CAISI Evaluation of DeepSeek V4 Pro
TL;DR: NIST puts DeepSeek V4 Pro 8 months behind the US frontier, with 30+ point gaps on cyber, abstract reasoning, and agentic coding. The uncomfortable reality is that Chinese models are the only choice if you want frontier capability, operational sovereignty, and control over post-training.
NIST just told us that DeepSeek V4 Pro is 8 months behind the US frontier.
CAISI ran DeepSeek V4 through nine benchmarks in five domains, including two non-public evaluations. DeepSeek V4 is the most capable Chinese AI model tested to date, but it performs closest to GPT-5, not the GPT-5.4 or Opus 4.6 that DeepSeek's report claims to match. The gap hits hardest in cyber, abstract reasoning, and agentic coding.
Highlights:
- Cyber (CTF-Archive-Diamond, 285 hard CTF challenges from ASU's pwn.college): V4 Pro 32% vs GPT-5.5's 71%. Abstract reasoning (ARC-AGI-2 semi-private): 46% vs 79%. Agentic software engineering (PortBench): 44% vs 78%.
- Math is different. V4 Pro scored 97% on OTIS-AIME-2025, 96% on PUMaC 2024, 96% on SMT 2025. Slightly better than Opus 4.6 across all three, and only 2-3 points behind GPT-5.5 on average.
- Science holds up too. GPQA-Diamond: V4 Pro 90%, Opus 4.6 91%, GPT-5.5 96%. FrontierScience: V4 Pro 74%, Opus 4.6 72%, GPT-5.5 79%.
- On per-task cost, V4 Pro ranged from 53% less expensive to 41% more expensive than GPT-5.4 mini across the seven evaluated benchmarks. Per-token: V4 Pro $1.74/1M input vs GPT-5.4 mini $0.75/1M input.
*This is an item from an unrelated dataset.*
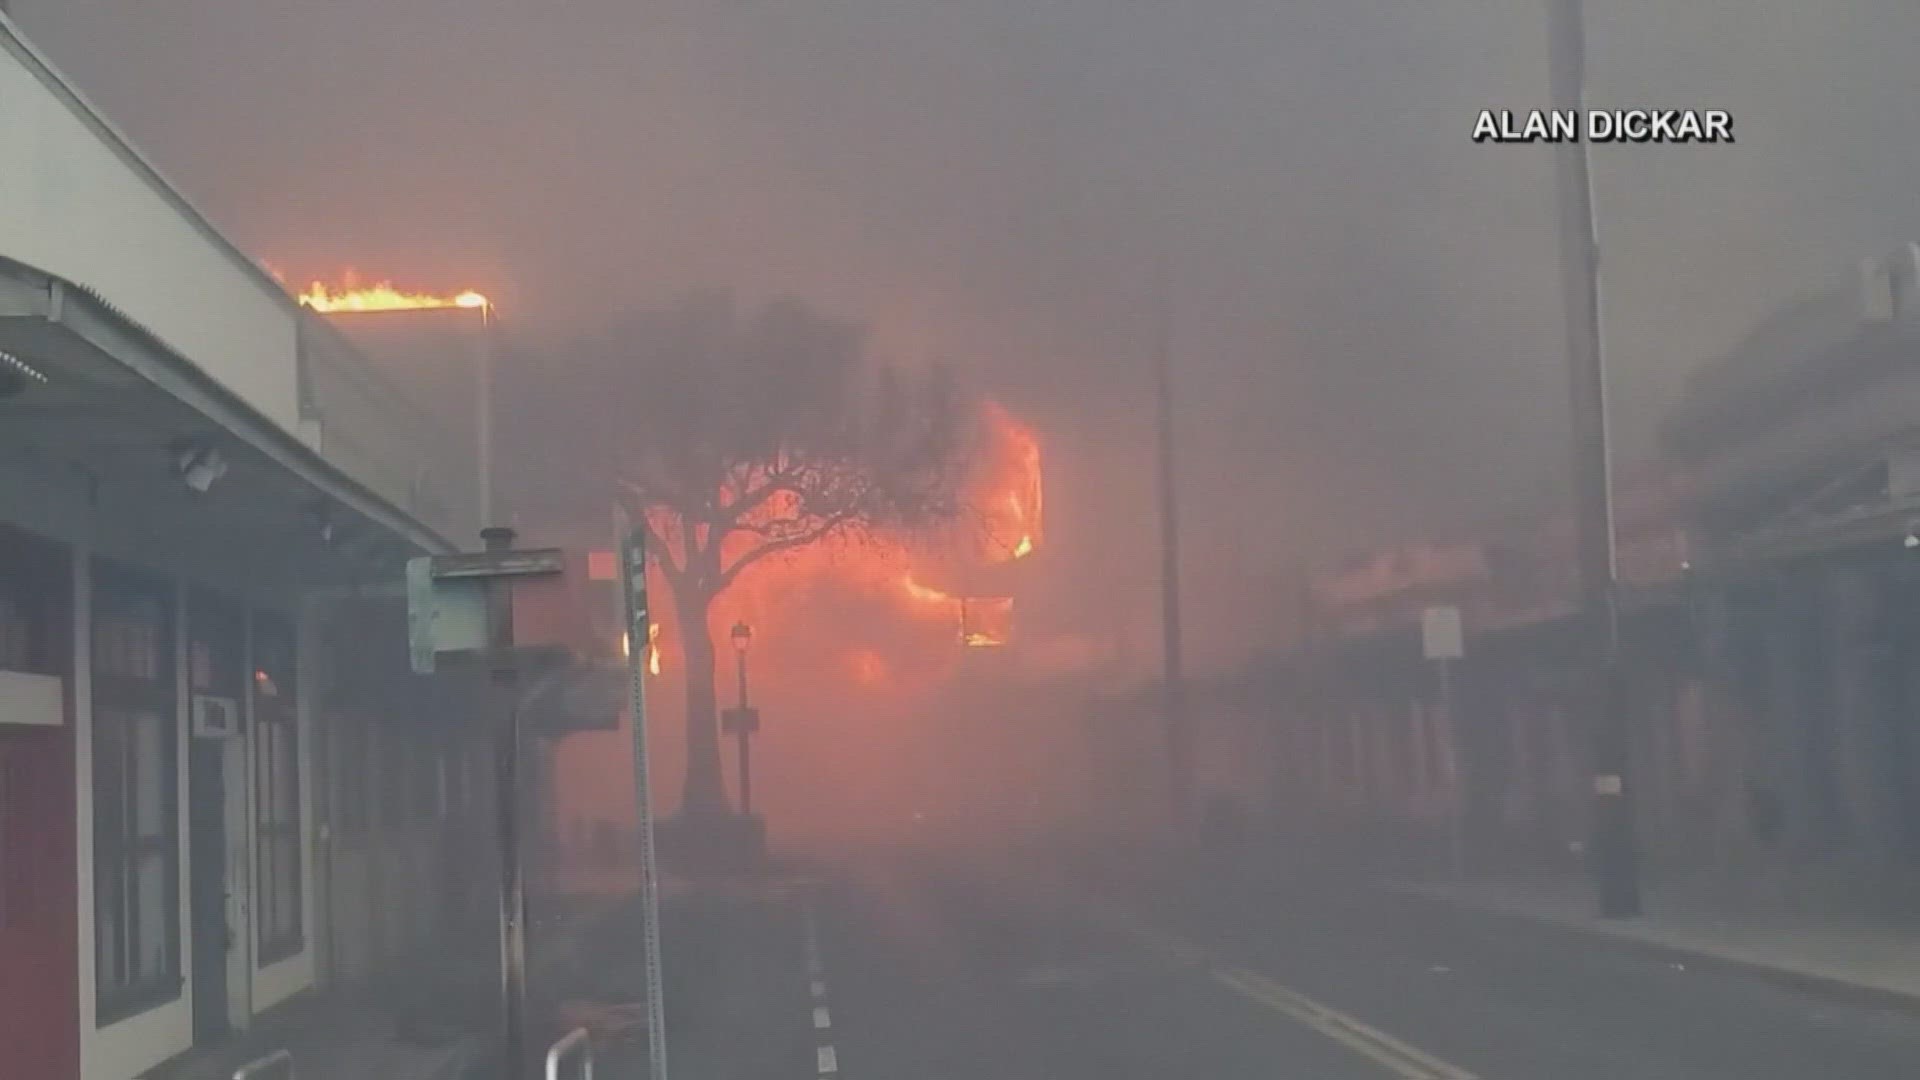 36 people have died in the devastating fires currently burning on the island.

Output: V4 Pro $3.48/1M vs GPT-5.4 mini $4.50/1M. Net cost flips by workload because token consumption varies.
- V4 Pro's IRT-estimated Elo: 800 ± 28. GPT-5.5: 1260 ± 28. Opus 4.6: 999 ± 27. GPT-5.4 mini: 749 ± 46. By Elo, V4 Pro's true peer is GPT-5.4 mini, not Opus 4.6 or GPT-5.4.
- Architecture matters. V4 Pro is 1.6T total parameters with 49B activated per token (MoE), 1M context window, hybrid Compressed Sparse Attention plus Heavily Compressed Attention. At 1M context, V4 Pro retains roughly 10% of the KV cache that V3.2 retained, and uses 27% of single-token inference FLOPs vs V3.2.
My take:
- I read the math results as DeepSeek and other frontier models being largely at the 90+% ceiling on OTIS-AIME, PUMaC, and SMT. Not much headroom there.
- The cyber gap probably isn't about cyber, or not only about cyber. V4 Pro's performance tracks the frontier on single-shot tasks and drops by 30+ points on long agentic ones. The model struggles to navigate long, noisy trajectories. The difference on scaffolds more advanced than CAISI's ReAct loop will most likely be less dramatic.
- The V4 Pro architecture explains the model's cost efficiency and its struggles on long agentic tasks. At a 1M-token context, V4 Pro retains 10x less memory of past tokens than V3.2. The same compression that makes long-context inference cheap also drops information from earlier turns.
- The bigger story is that frontier open-weights is now Chinese-only. Kimi K2.6, Qwen 3.5, GLM, and DeepSeek. Llama 4 trails on capability and comes with more restrictive usage terms. Let me repeat this. If you want frontier capability, operational sovereignty, and control over post-training, you have NO other choice but to use a Chinese model. And even with weights in hand, you can't easily verify what was in the training data or whether there are biases and refusals embedded.